* **What is required**: The full listing, exactly as written and with no images, is the expected output.

* **Available data**:
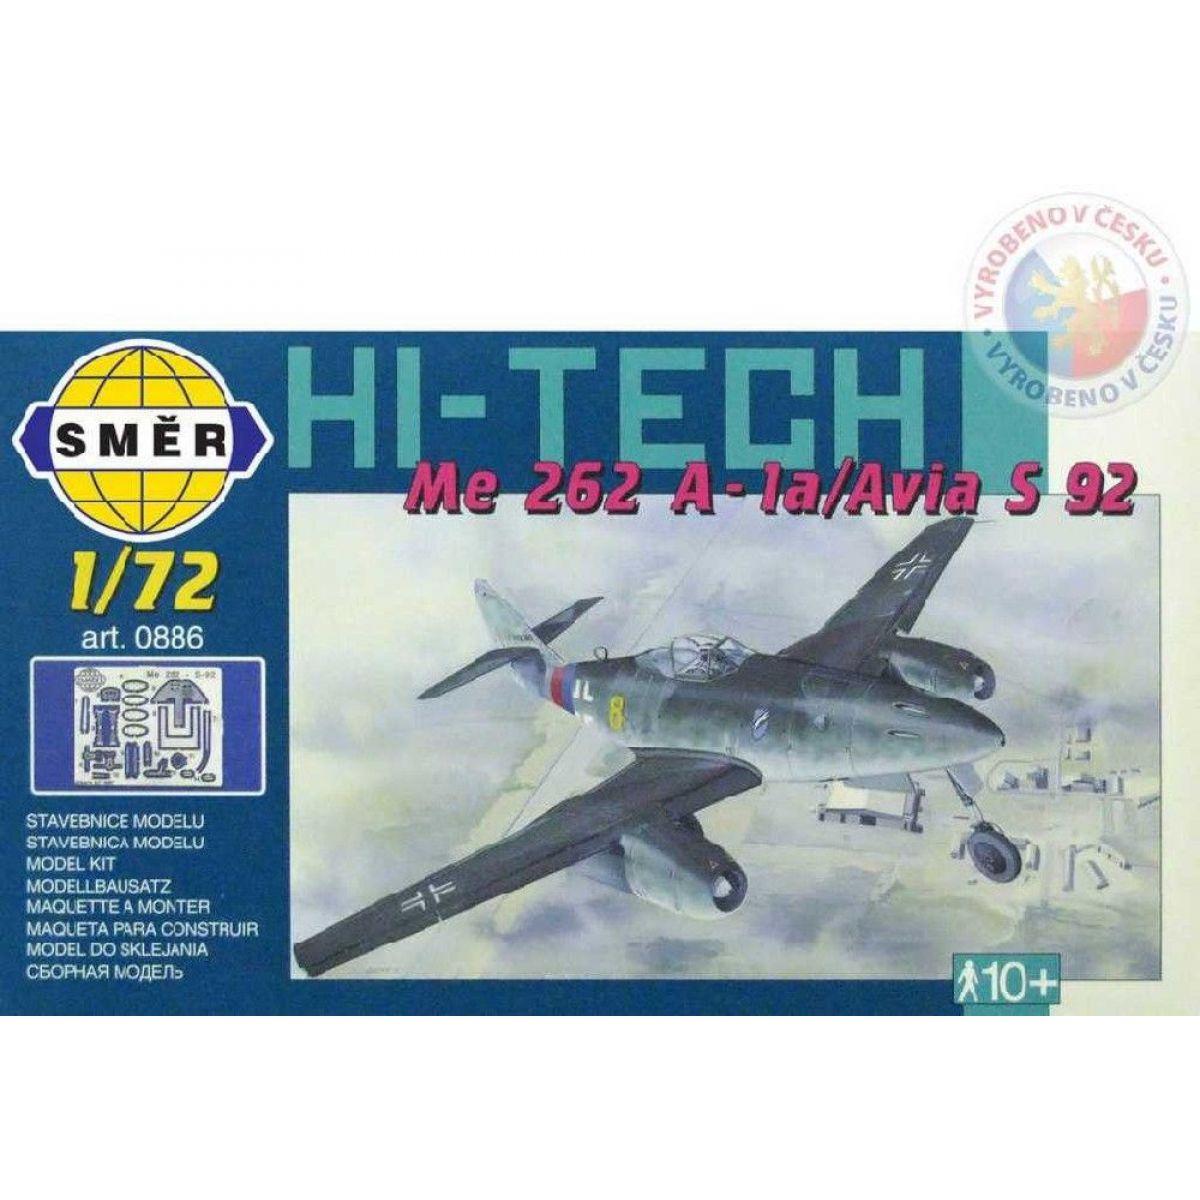 Smer Model Messerschmitt Me 262 A - la Avia S 92 HI TECH 1:72
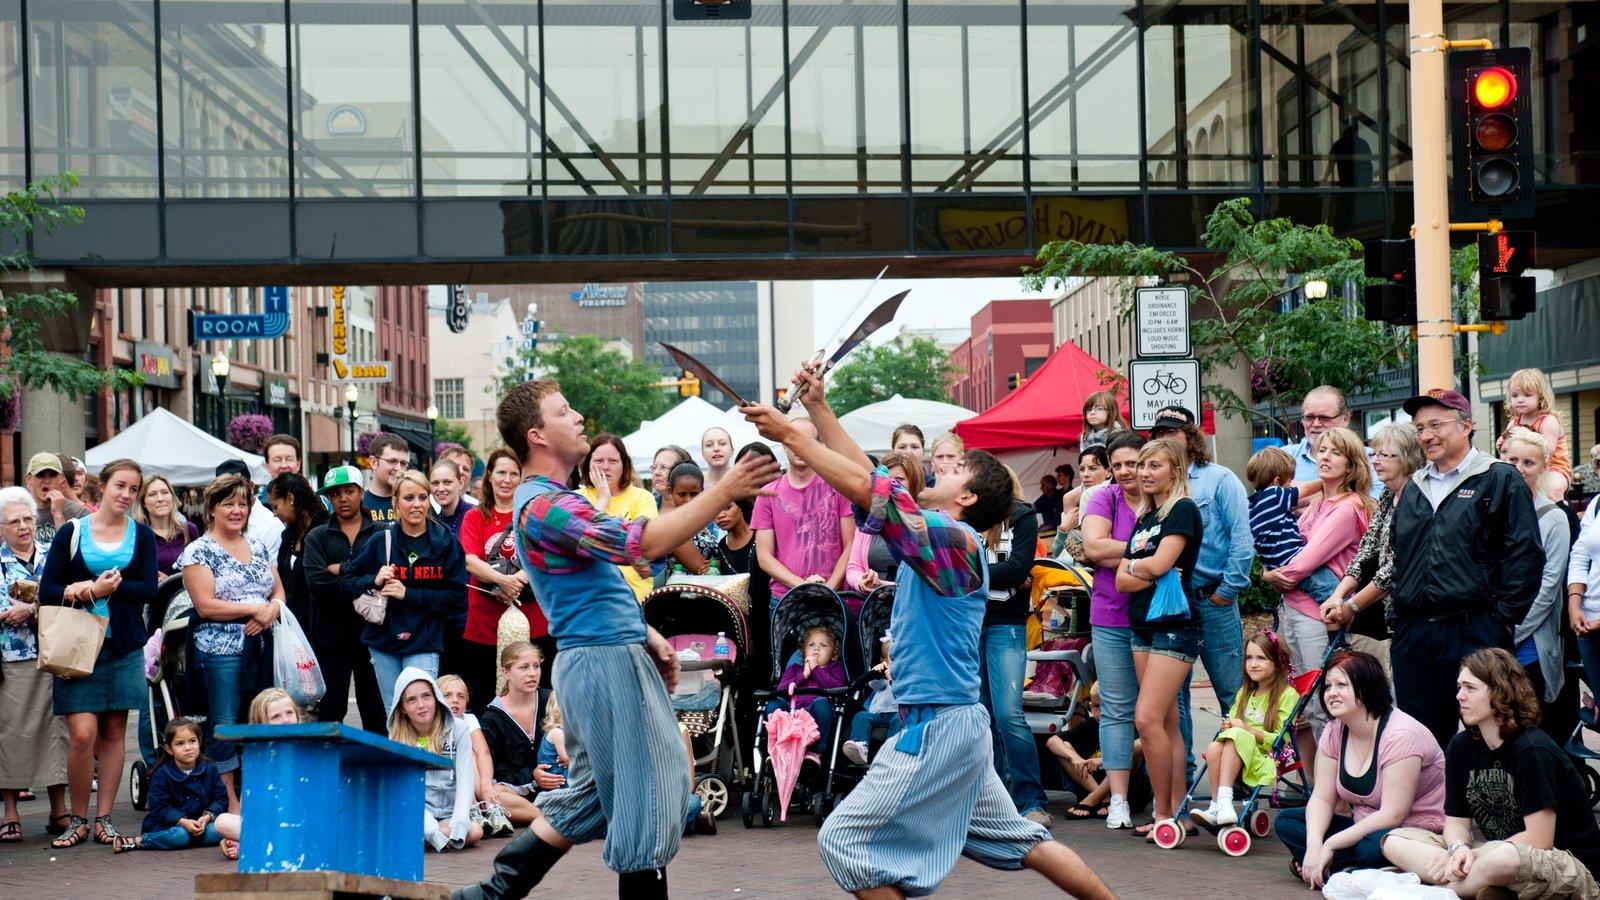 Fargo caracterizando uma cidade e performance de rua assim como um grande grupo de pessoas
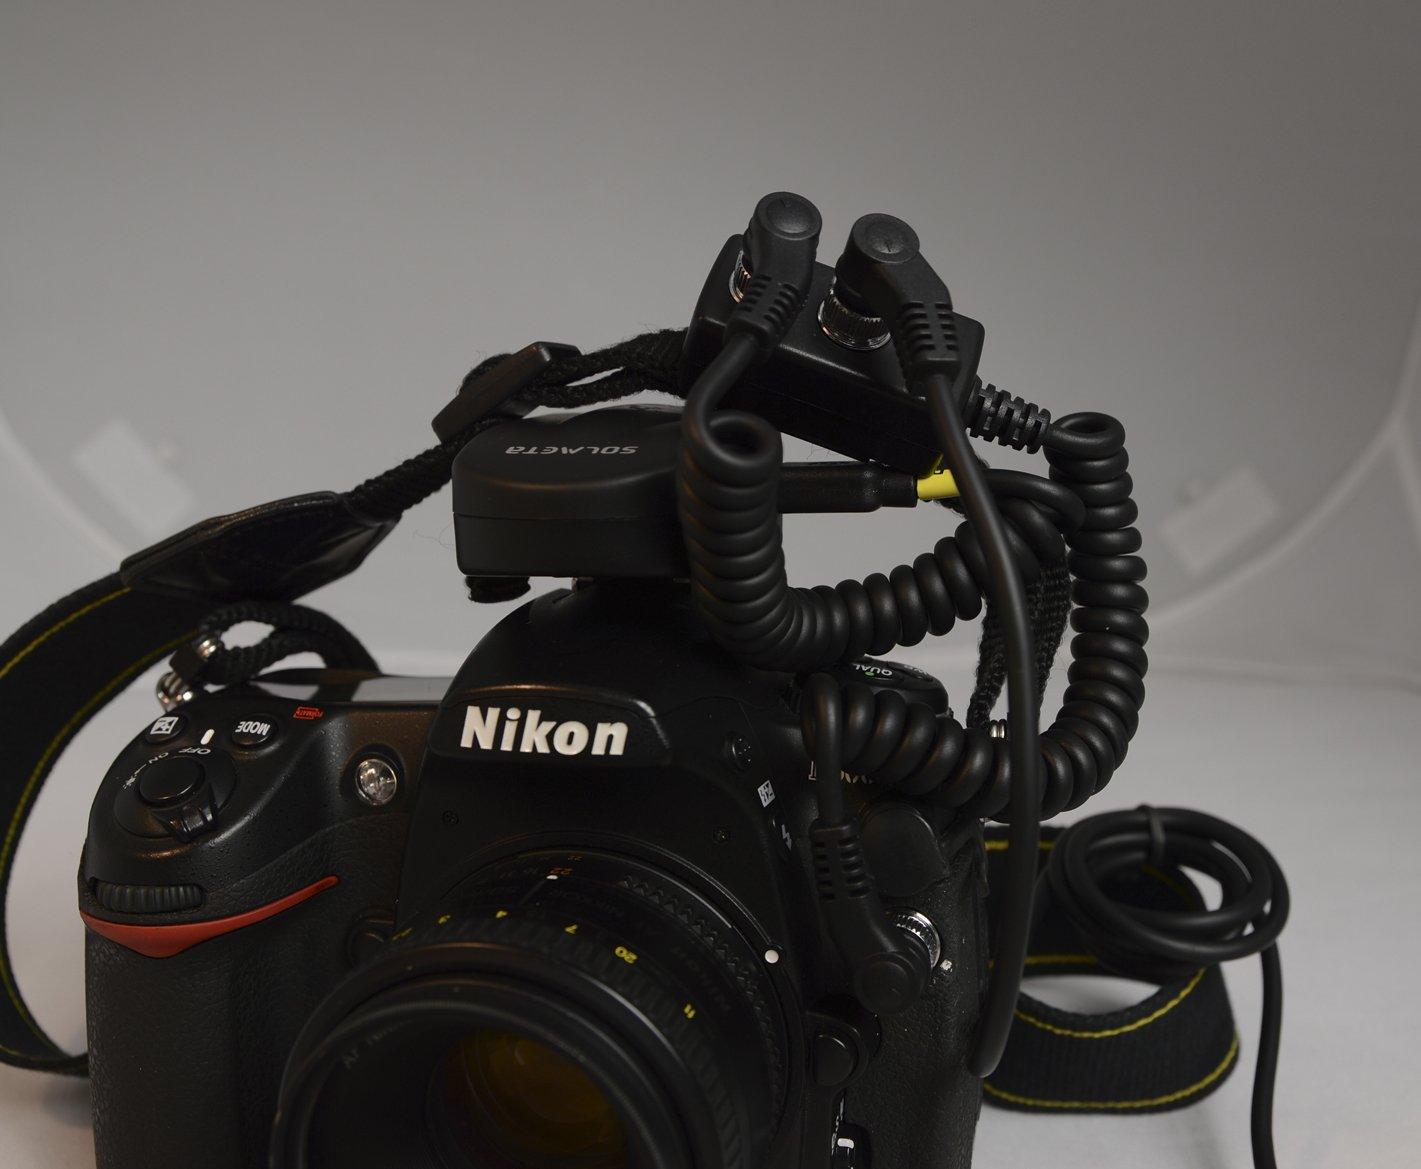 Solmeta 10 Pin Y Splitter Cable For Nikon Camera D800 Imaging Products Parts And Controls D800e D4 D3 Series D700 D300 D2x D2xs D2hs D200 Camcorder

* **Written answer**:
 Smer Model Messerschmitt Me 262 A - la Avia S 92 HI TECH 1:72
 Fargo caracterizando uma cidade e performance de rua assim como um grande grupo de pessoas
 Solmeta 10 Pin Y Splitter Cable For Nikon Camera D800 Imaging Products Parts And Controls D800e D4 D3 Series D700 D300 D2x D2xs D2hs D200 Camcorder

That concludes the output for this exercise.